*Your instructions*
Would you write out the listing verbatim and skip every picture in it?

*Information provided*
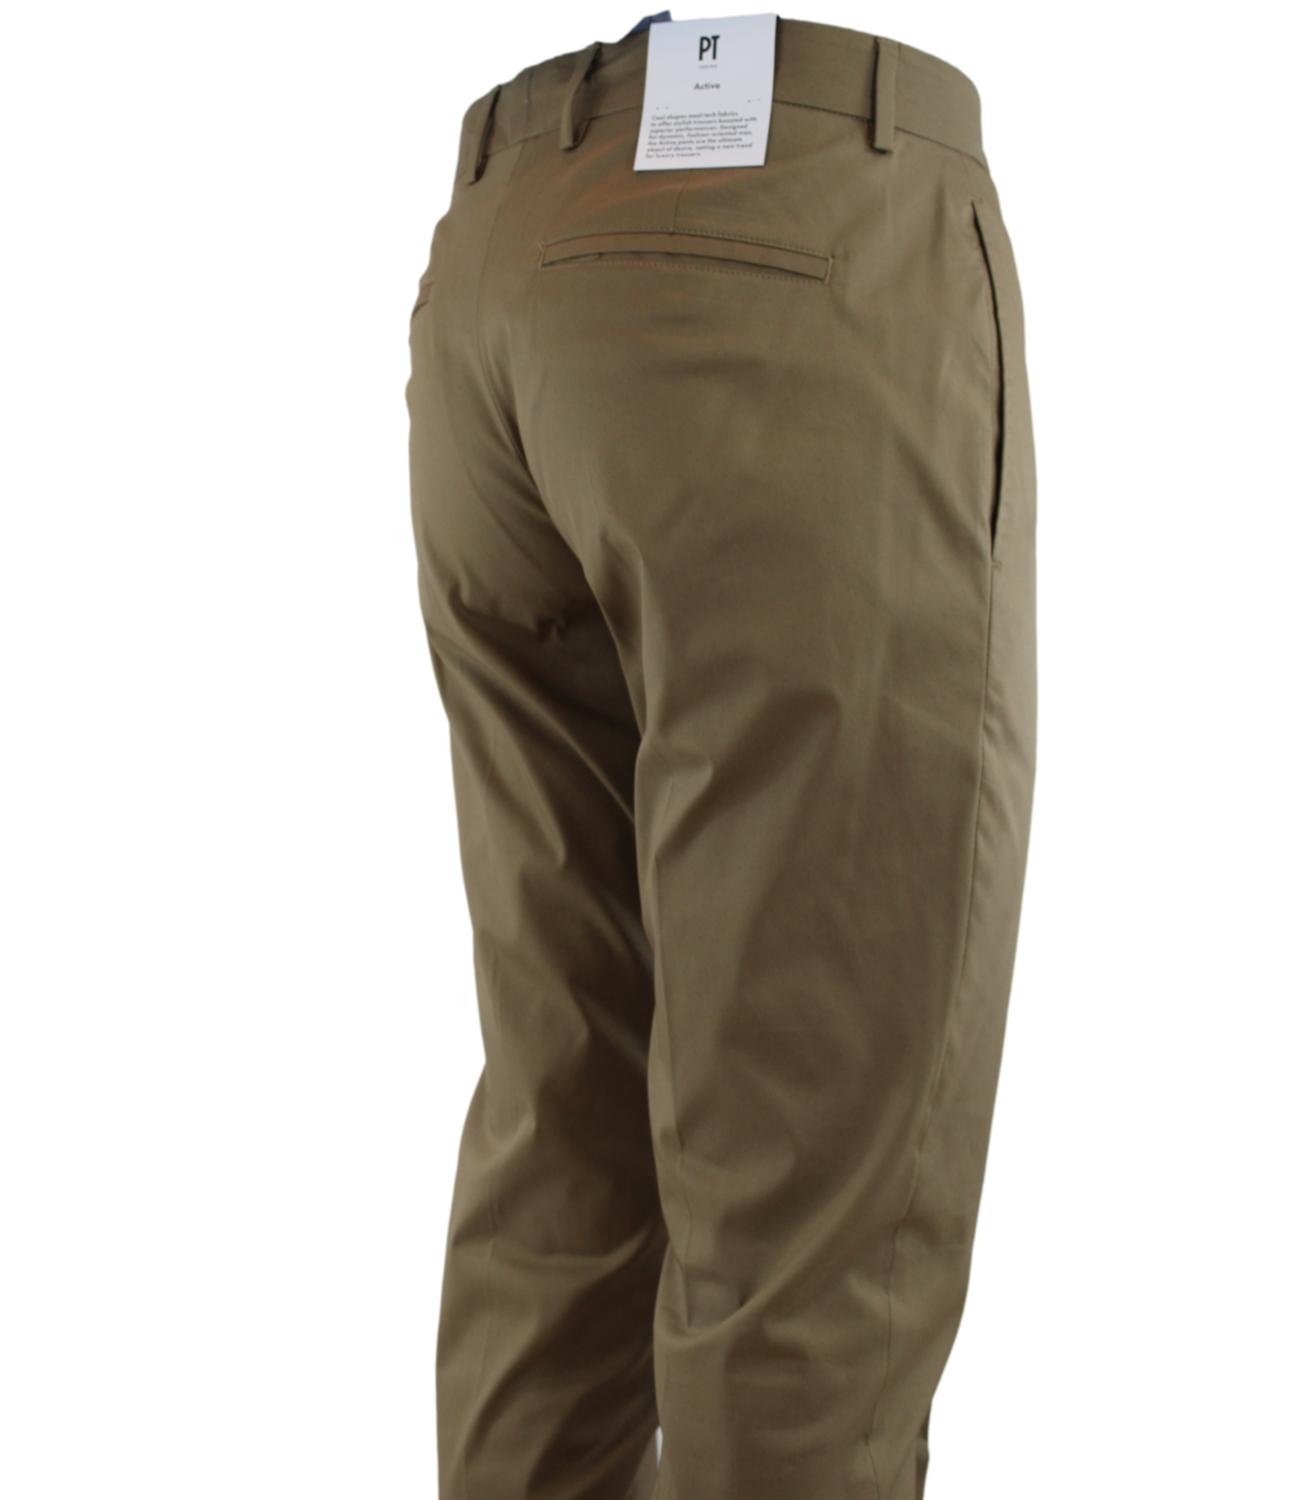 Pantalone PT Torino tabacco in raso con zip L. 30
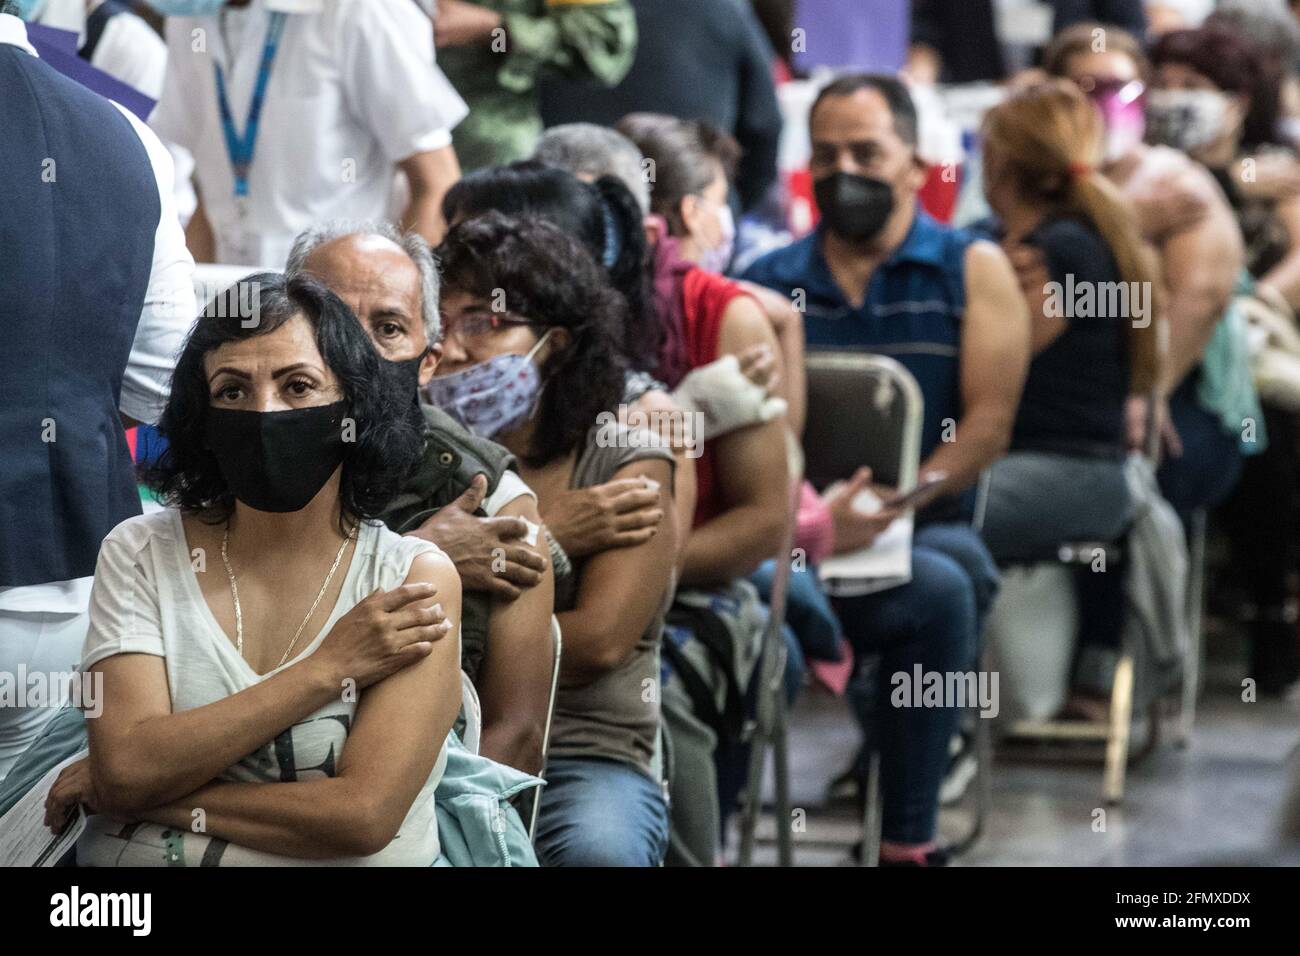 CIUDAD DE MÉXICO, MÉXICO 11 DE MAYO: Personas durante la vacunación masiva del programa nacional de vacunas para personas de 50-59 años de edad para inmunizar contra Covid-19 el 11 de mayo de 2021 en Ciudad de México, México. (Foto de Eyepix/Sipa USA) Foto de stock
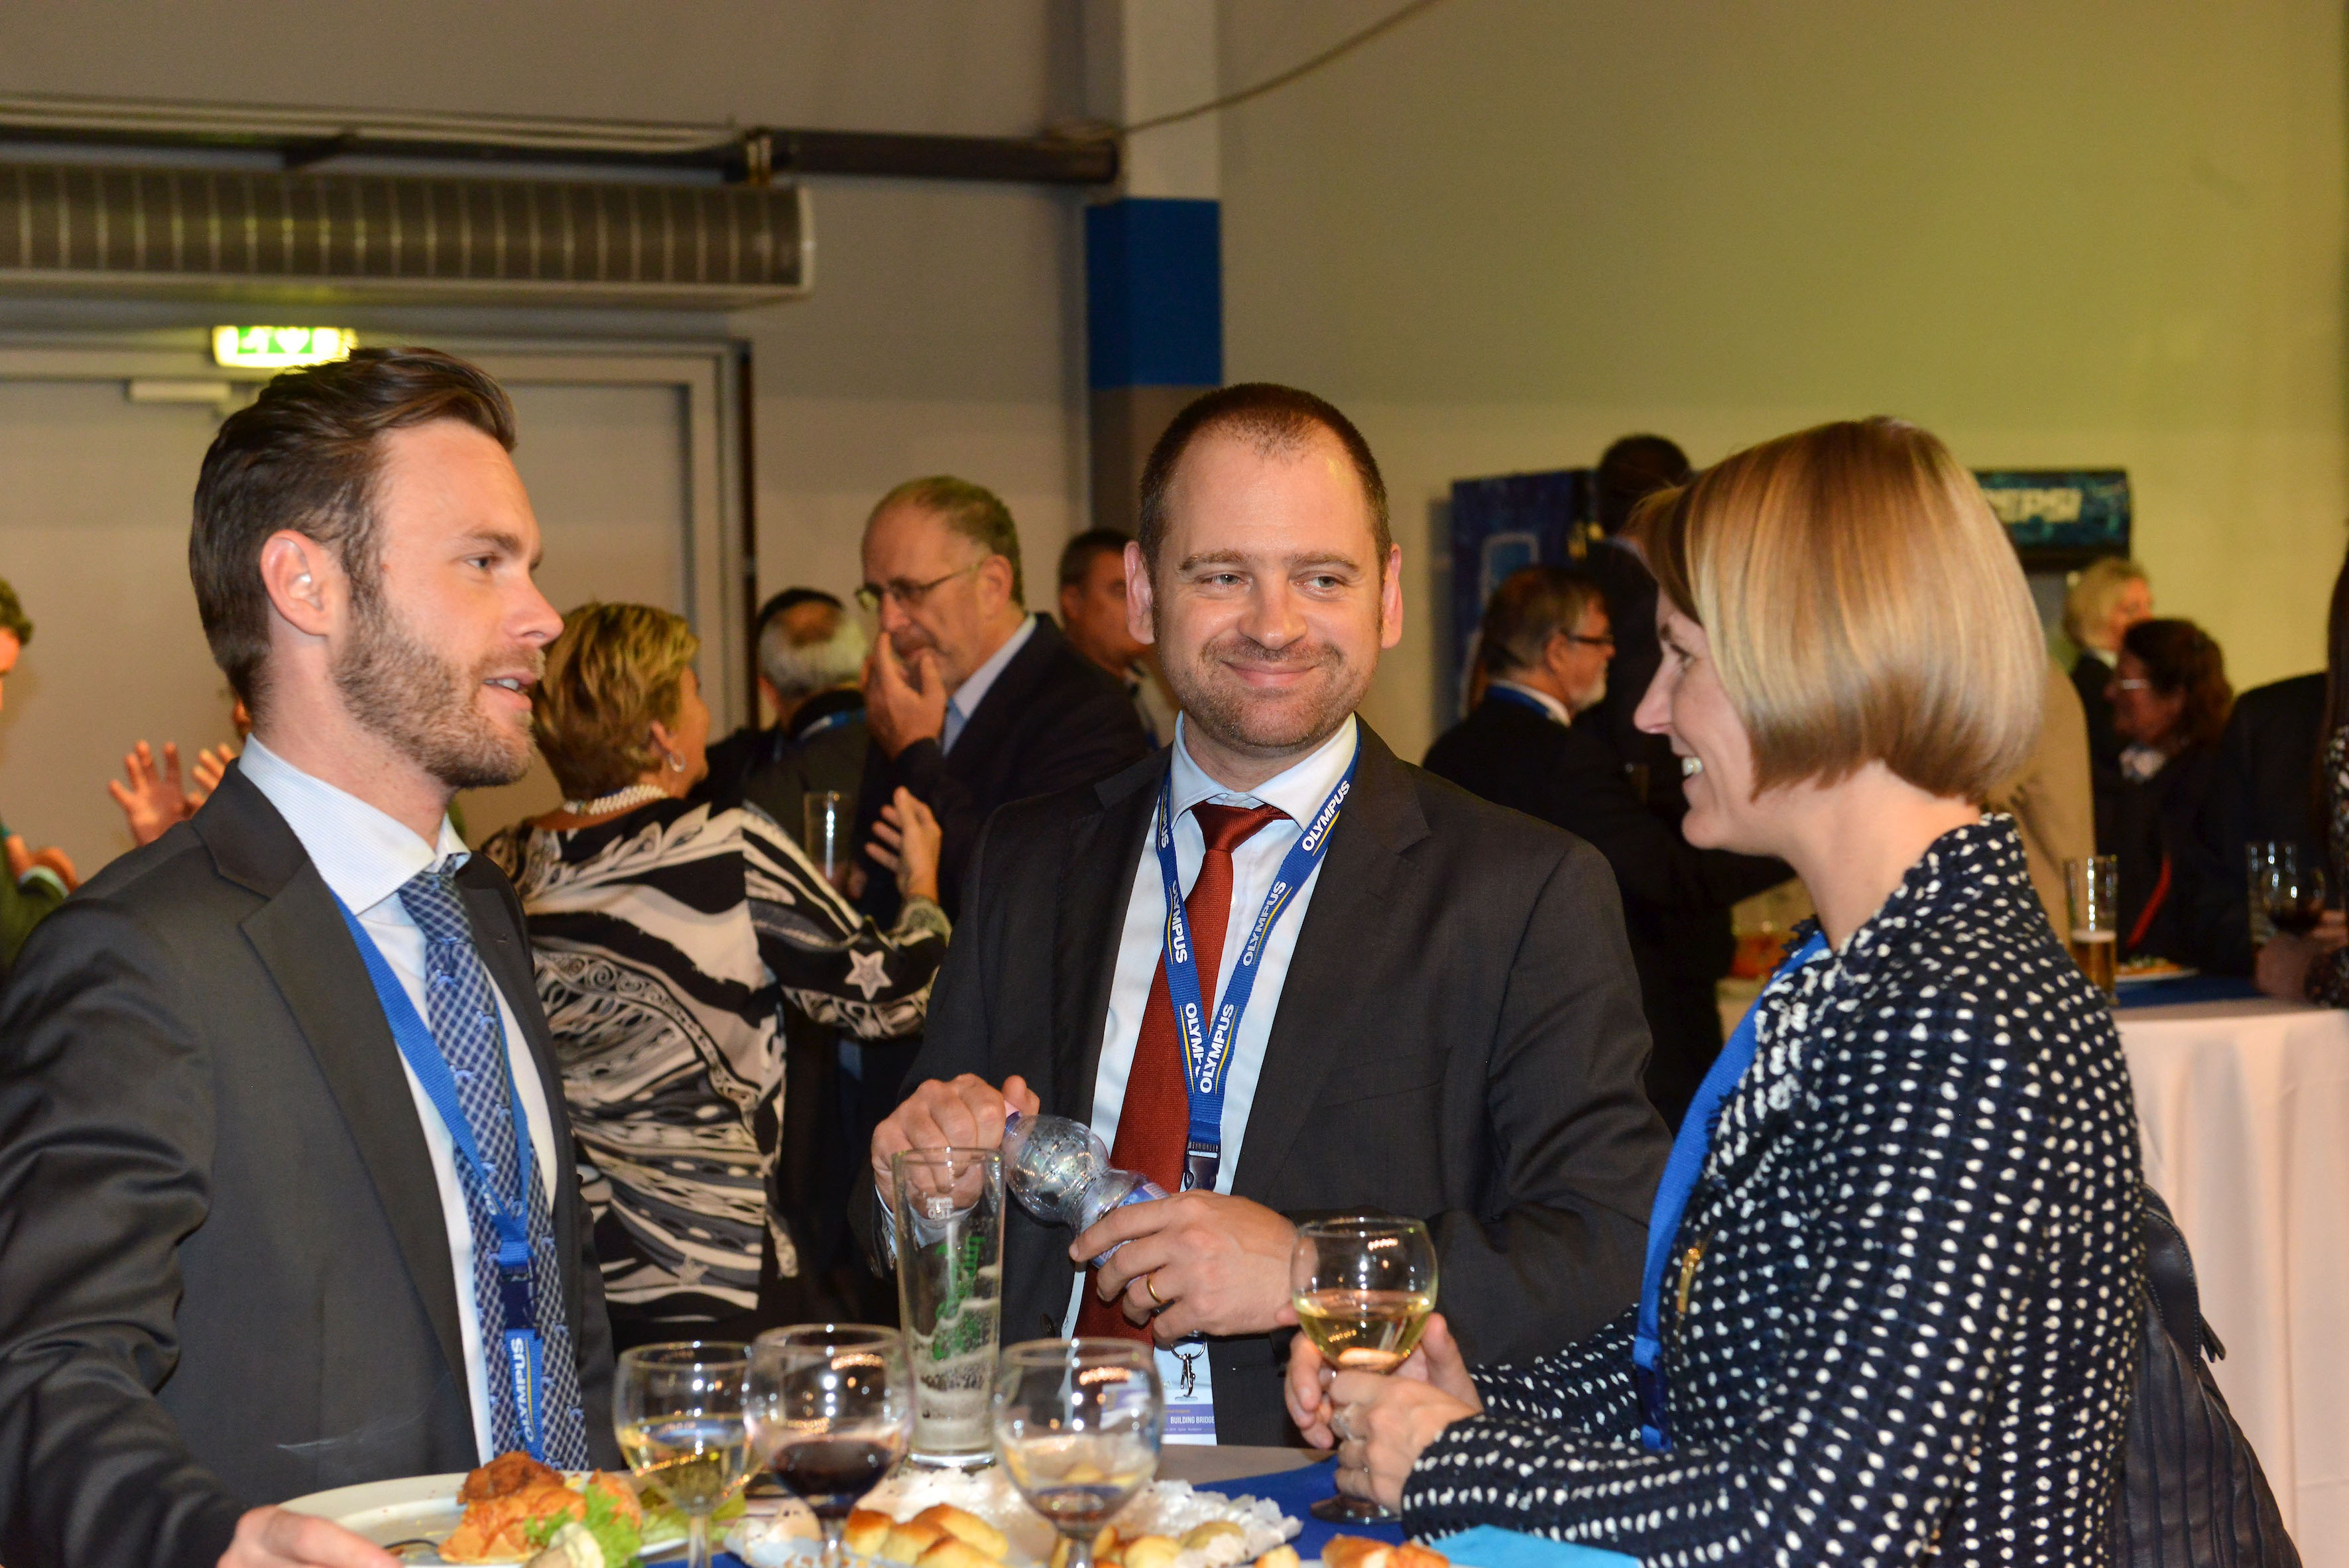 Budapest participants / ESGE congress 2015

*Exercise result*
 Pantalone PT Torino tabacco in raso con zip L. 30
 CIUDAD DE MÉXICO, MÉXICO 11 DE MAYO: Personas durante la vacunación masiva del programa nacional de vacunas para personas de 50-59 años de edad para inmunizar contra Covid-19 el 11 de mayo de 2021 en Ciudad de México, México. (Foto de Eyepix/Sipa USA) Foto de stock
 Budapest participants / ESGE congress 2015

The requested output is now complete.